Ich möchte mir demnächst ein günstiges Tablet kaufen, aktueller Favorit wäre das Odys Neo X7, es erfüllt soweit eigentlich alle meine Anforderungen. Jedoch wollte ich jetzt mal fragen ob man mit 1GB RAM einen deutlichen Vorsprung merken würde? Wollte das Tablet hauptsächlich zum Videos gucken, im Internet surfen, eBooks lesen und ab und zu etwas spielen benutzen (ok das ist jetzt ein recht weites Aufgabenfeld^^). Das Problem: Einziger Konkurrent in der Preisklasse mit 1Gb RAM, den ich bisher gefunden habe, ist das Odys Next, das hat jedoch einen 4:3 Bildschirm. Fürs Videos gucken und lesen wäre mir ein 16:9 eigentlich lieber. Fürs Surfen im Internet hingegen oder vielleicht mal Texte schreiben per Tastatur über USB wäre 4:3 hingegen besser. Wie sieht es denn mit Apps wie Spielen aus, gibts da mit 4:3 öfter schwarze Balken o.ä.

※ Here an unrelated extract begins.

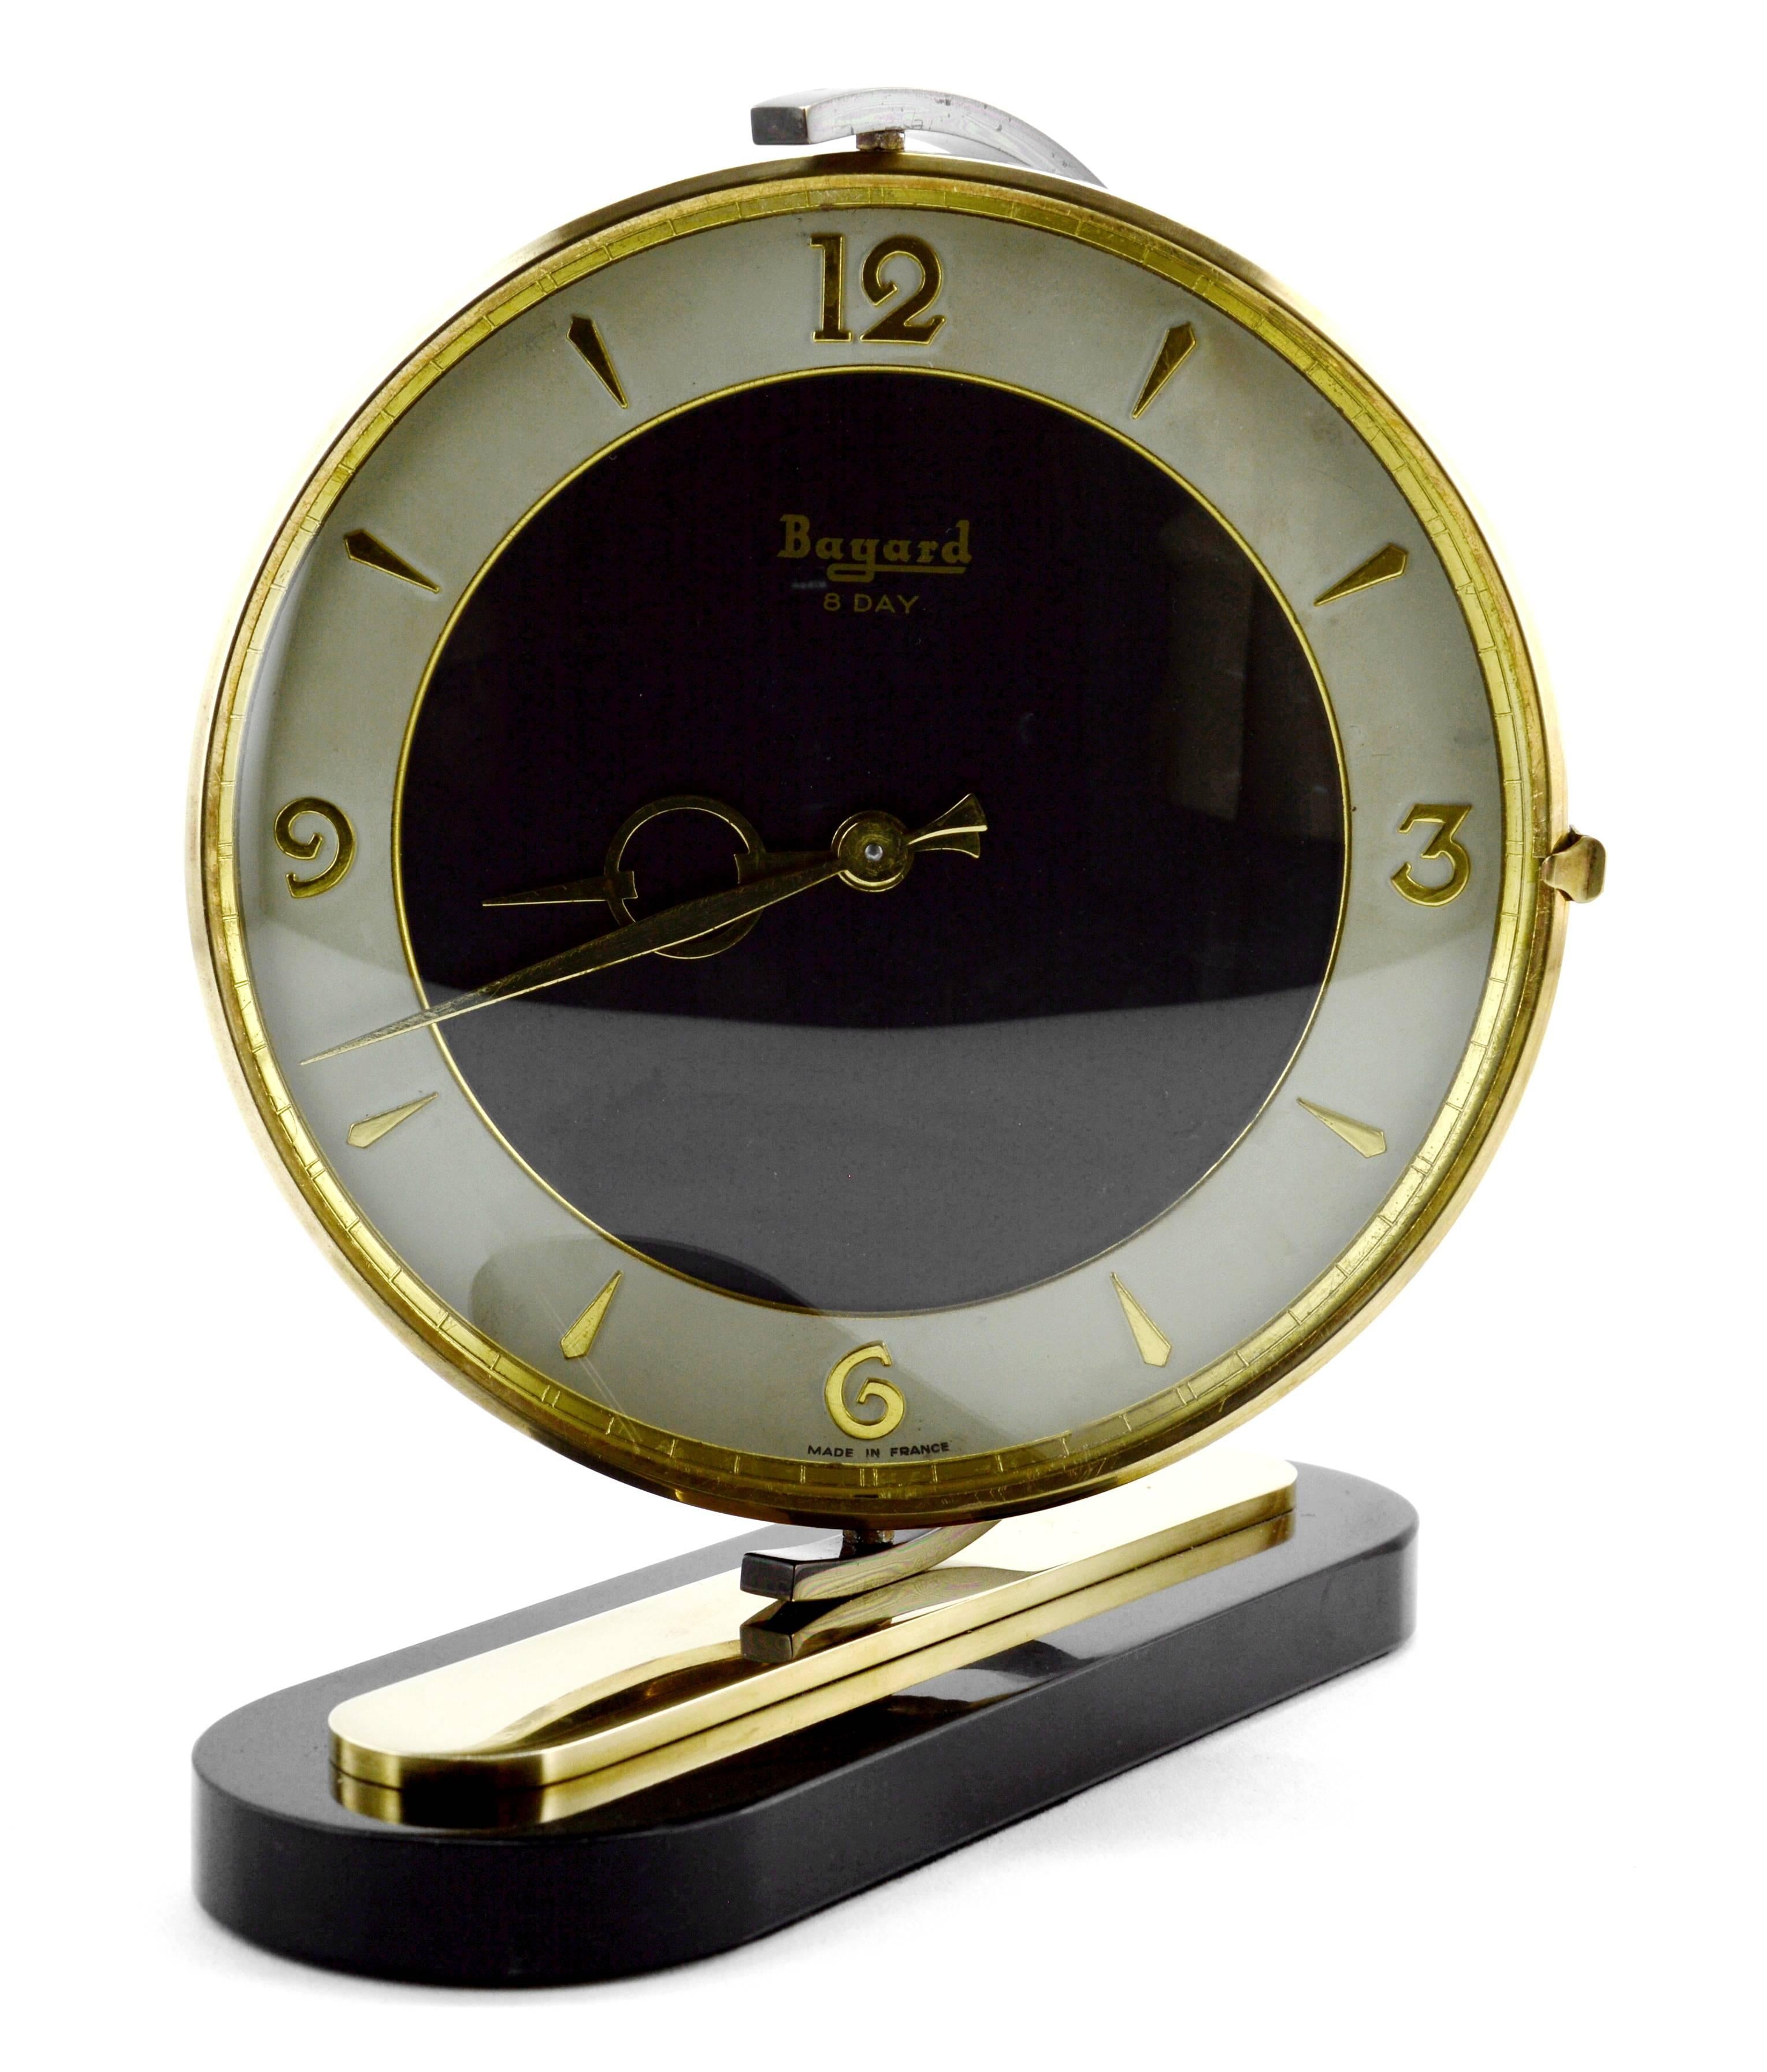 French Art Deco clock by Bayard, France, 1930s. Brass, marble and glass. Swivel brass dial. Marble base. Rounded glass. 8 days movement. Original mechanism. In perfect working order.

Zusammengefasst also meine Fragen: Bringt der doppelte RAM in Verbindung mit dem Prozessor und allem merklich etwas? Und würdet ihr zu 16:9 oder 4:3 tendieren? Oder gibts gar Tablets mit 16:9 und mehr RAM? Möchte wirklich nicht mehr ausgeben eigentlich.
Danke auf jeden Fall schon mal für eure Antworten


----------



## ile (22. Juni 2012)

Mir ist selbst aufm Smartphone 1 GB RAM mittlerweile zu wenig, das sollte deine Frage (zumindest aus meiner Sicht) beantworten.


----------



## Hansvonwurst (22. Juni 2012)

*AW: Android-Tablet RAM-Größe und Seitenverhältniss*

ICh weiß nicht, wann es kommt, aber das neue Archos Arnova wär evtl. was für dich:
Arnova 7 G3 Tablet 8GB, 17,78cm kapazitiv, Android 4.0: Amazon.de: Computer & Zubehör


----------



## Ahab (22. Juni 2012)

*AW: Android-Tablet RAM-Größe und Seitenverhältniss*

Ich würde definitiv 1GB nehmen, das lohnt sich schon. Hab selbst ein Tablet von Ainol und die Performance... naja. Geht gerade so.  Spiele laufen super drauf (jedenfalls Sachen wie Angry Birds und Cut the Rope), auch Videos laufen ruckelfrei. Aber beim Browsen wird es eng, erst mit Firefox 13 konnte ich relativ ruckelfrei und flüssig surfen. Alle anderen Browser waren einfach grausam... 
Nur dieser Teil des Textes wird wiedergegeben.